BOOK REVIEW | "ELEVEN RINGS: THE SOUL OF SUCCESS" BY PHIL JACKSON AND HUGH DELEHANTY
photo & text by nacrowe
no doubt there was a healthy bit of mischief involved when NBA coaching legend PHIL JACKSON (or the publisher) decided to entitle his book regarding leadership philosophy ELEVEN RINGS: THE SOUL OF SUCCESS (PENGUIN, 2014). its funny because ironically the championship hardware was never the point of his process, more just the fortunate outcome of a successful realigning of egos within his massively talented set of rosters over the years.
and i think that point is missed in the greater discussion of JACKSON. sure, he had transcendent stars like MICHAEL JORDAN and KOBE BRYANT along with supreme talents such as SCOTTIE PIPPEN, SHAQUILLE O'NEAL, DENNIS RODMAN, PAU GASOL and others. but BASKETBALL is a team sport and the focus of this book is how JACKSON went about creating a team that played like a cohesive tribe and not an assemblage of players. his unique gift was the ability to model and communicate an authentic sense of compassion and empathy upon his players, who in turn doted such on their fellow teammates. this provided a foundational mindset that helped establish in both CHICAGO and LOS ANGELES dynasties built upon a shared sense of common purpose and interdependence.
raised in a strict pentecostal household in NORTH DAKOTA by two parents who were fervent ministers, JACKSON shed the religiosity aspects of his upbringing but not the curiosity to explore alternative spiritual practices, rituals and ideas including that of BUDDHIST and NATIVE AMERICAN traditions. this would prove instrumental in his leadership approach.
the culture around the NBA is pretty good analogue for AMERICAN culture in general in that there is an intense, out-of-proportion celebration of the individual with lip-service allocated to more essential notions of group collaboration or teamwork. you can see this in the insatiable appetite for gossip and clickbait within our digital culture and a total utter dearth of basic understanding of notions of civic duty and responsibility. maybe it is a generational thing, but the emphasis in the NBA, much like in the broader culture since the 1980s has been squarely on me as opposed to we. i would argue that this focus on group dynamics seems very in keeping with the mission of his parents, albeit to secular ends.

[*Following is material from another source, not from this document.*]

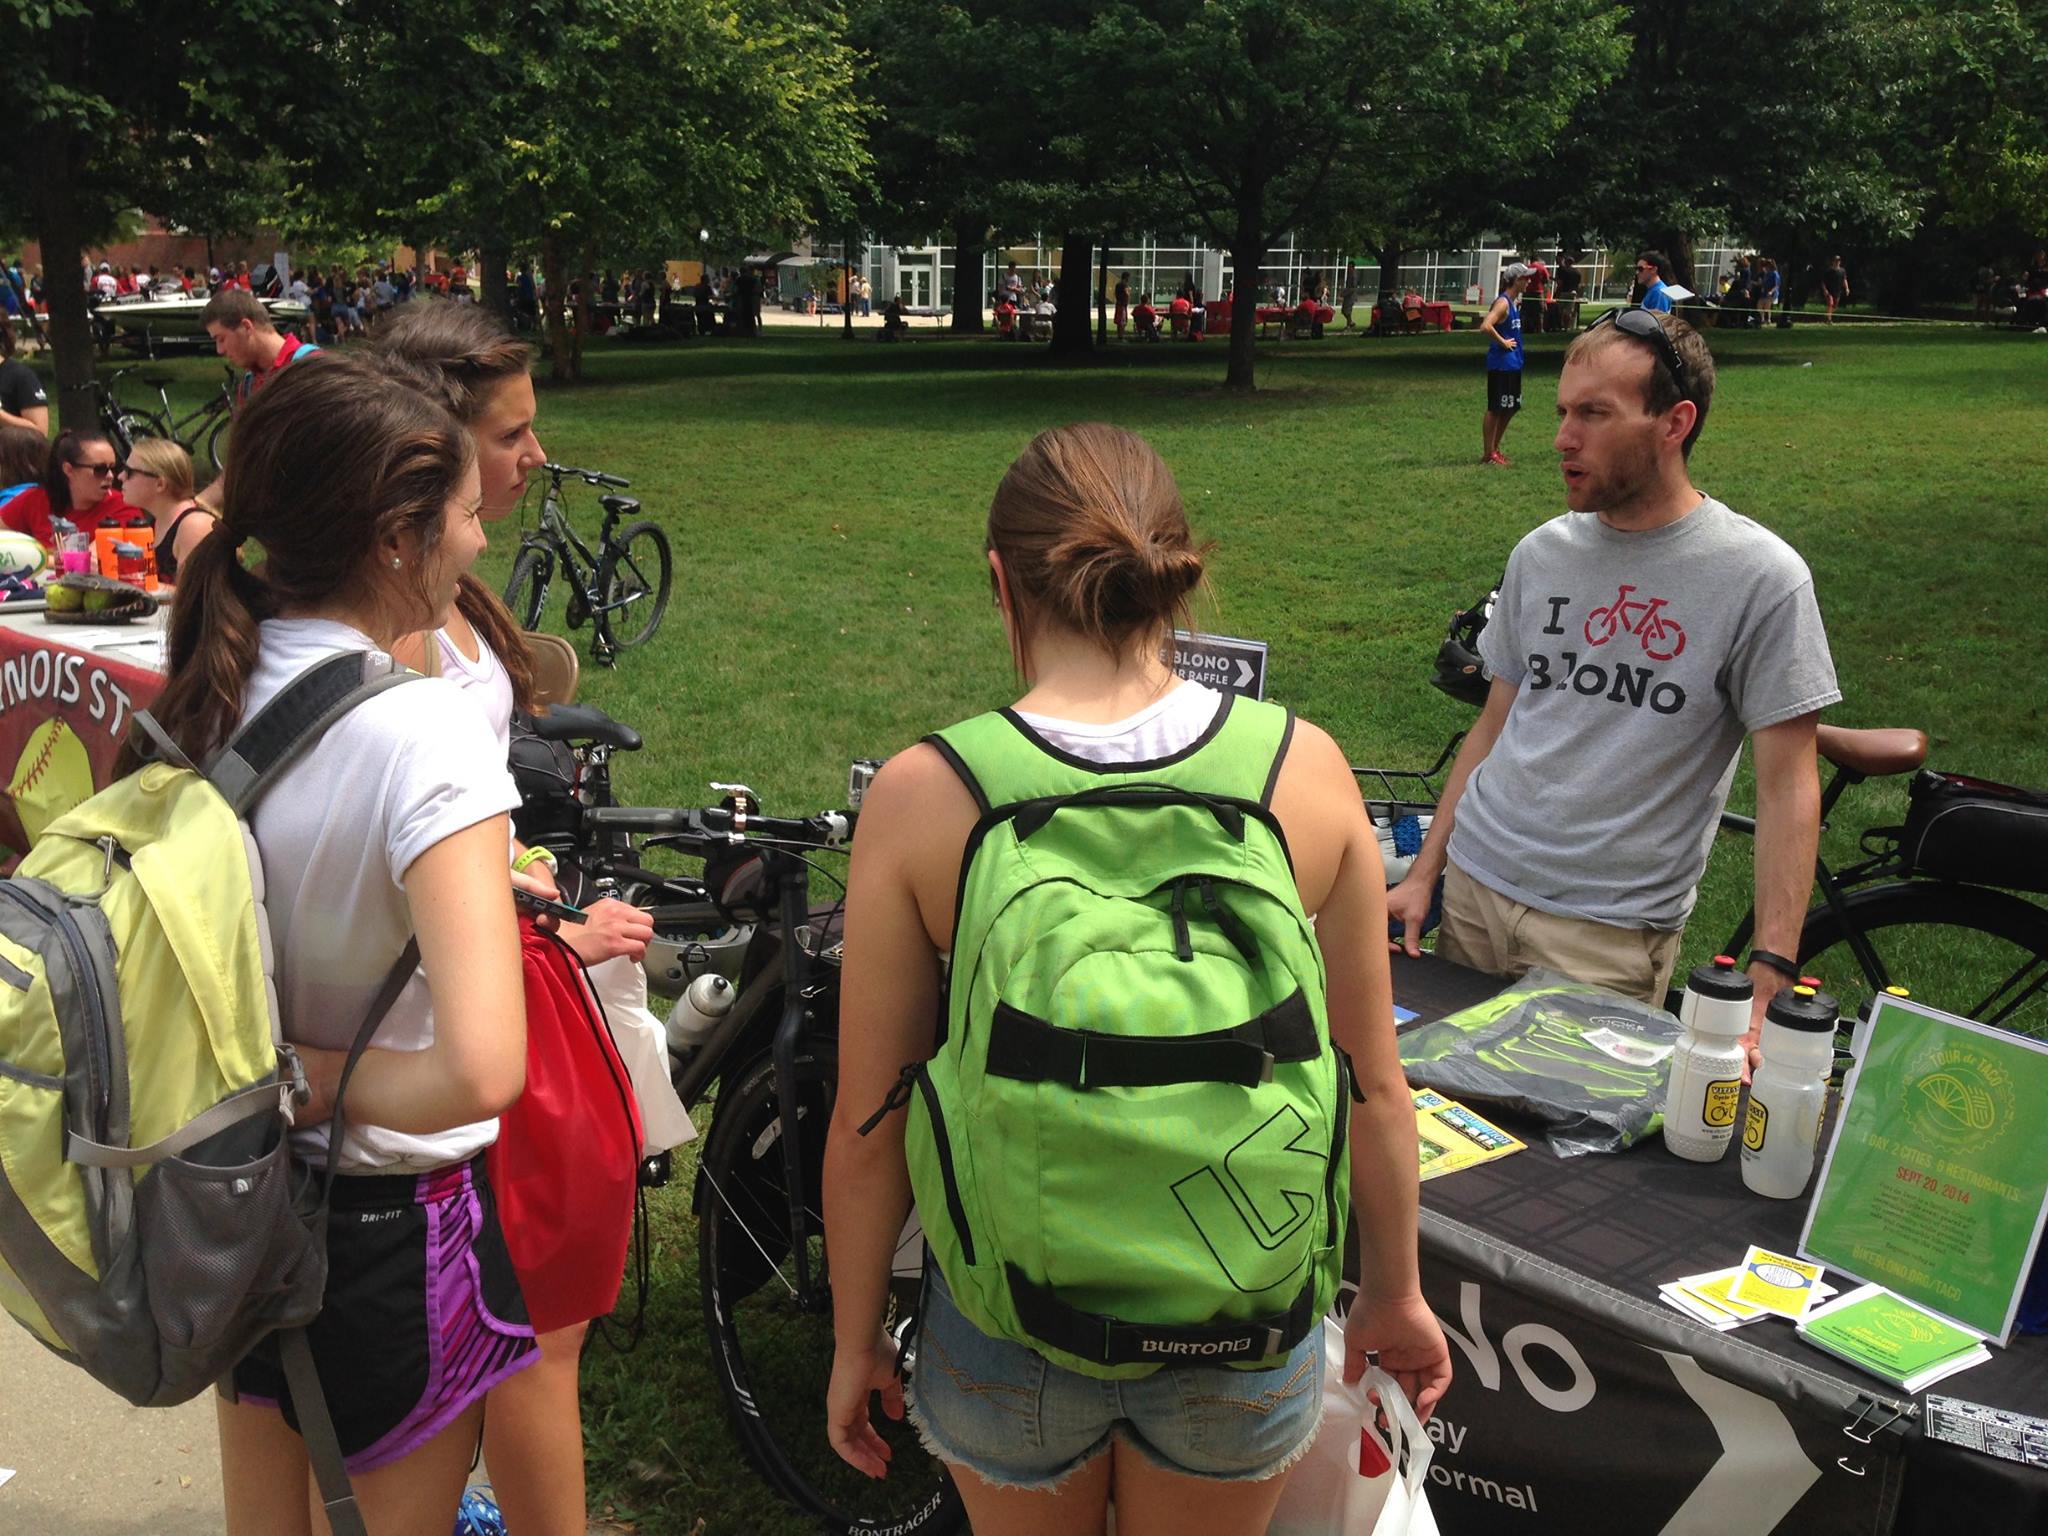 I'm talking about bike safety with ISU students.

his method is less about the techniques and more about the mindset he was trying to engender in his players. that mindset was transforming them into a selfless, ego-less whole who used the fluidity of the TRIANGLE OFFENSE to suss out weaknesses in the their opponents defense and exploit it as a single entity. he was attempting to get them to play as a single unit, not a collection of players seeking to increase their stats (and thus future paydays). it is an approach that is antithetical to the marketing and popular influence of the NBA. JORDAN is celebrated for his individual achievements and records, as seen in his ubiquitous endorsement deals, movies, apparel, documentaries that still hold a firm grip on the AMERICAN psyche nearly two decades later, but his real achievement was one of self-sacrifice to the team concept. not just him, all his teammates tirelessly focused on improving weaknesses in their team identity at the expense of satiating those of the sycophants (agents, fans, partners, family, etc) that no doubt had their ear at the time. the fact that JORDAN recognized the structural benefit of self-sacrifice and playing with intention not ego is a testament to his greatness as a competitor, ironically.
by submitting the wants of their individual egos to the collective needs of the team, the CHICAGO BULLS as well as the LAKERS succeeded in winning multiple titles under JACKSON. this success, again, is not the focus of the book. instead the very BUDDHIST notion of being present and controlling your thoughts and actions now in this moment is the key to success. winning is just an outcome, but being able to appreciate the fluidity of life and not being caught up in the disappointments of the past or anticipatory anxiety about the future frees one to be present and be truly awake and able to tackle problems as they arise in the present. and BASKETBALL is nothing but a set of problems arising that need to be settled within a group construct. a group synchronized with a sense of intention to adapt effectively as a cohesive unit. compelling stuff.
what is also interesting is how this book ends. JACKSON accepts a job with the NEW YORK KNICKS as president of BASKETBALL operations with the goal of transforming the culture along the precepts outlined in this book. of course with hindsight this endeavor was destined to be a failure as owner JAMES DOLAN has no appetite for a cultural shift and his entire operation is the very embodiment of futility, nepotism and everything that is wrong with AMERICAN culture and capitalism writ large. but it was worth a shot. if anyone could pull it off it was JACKSON.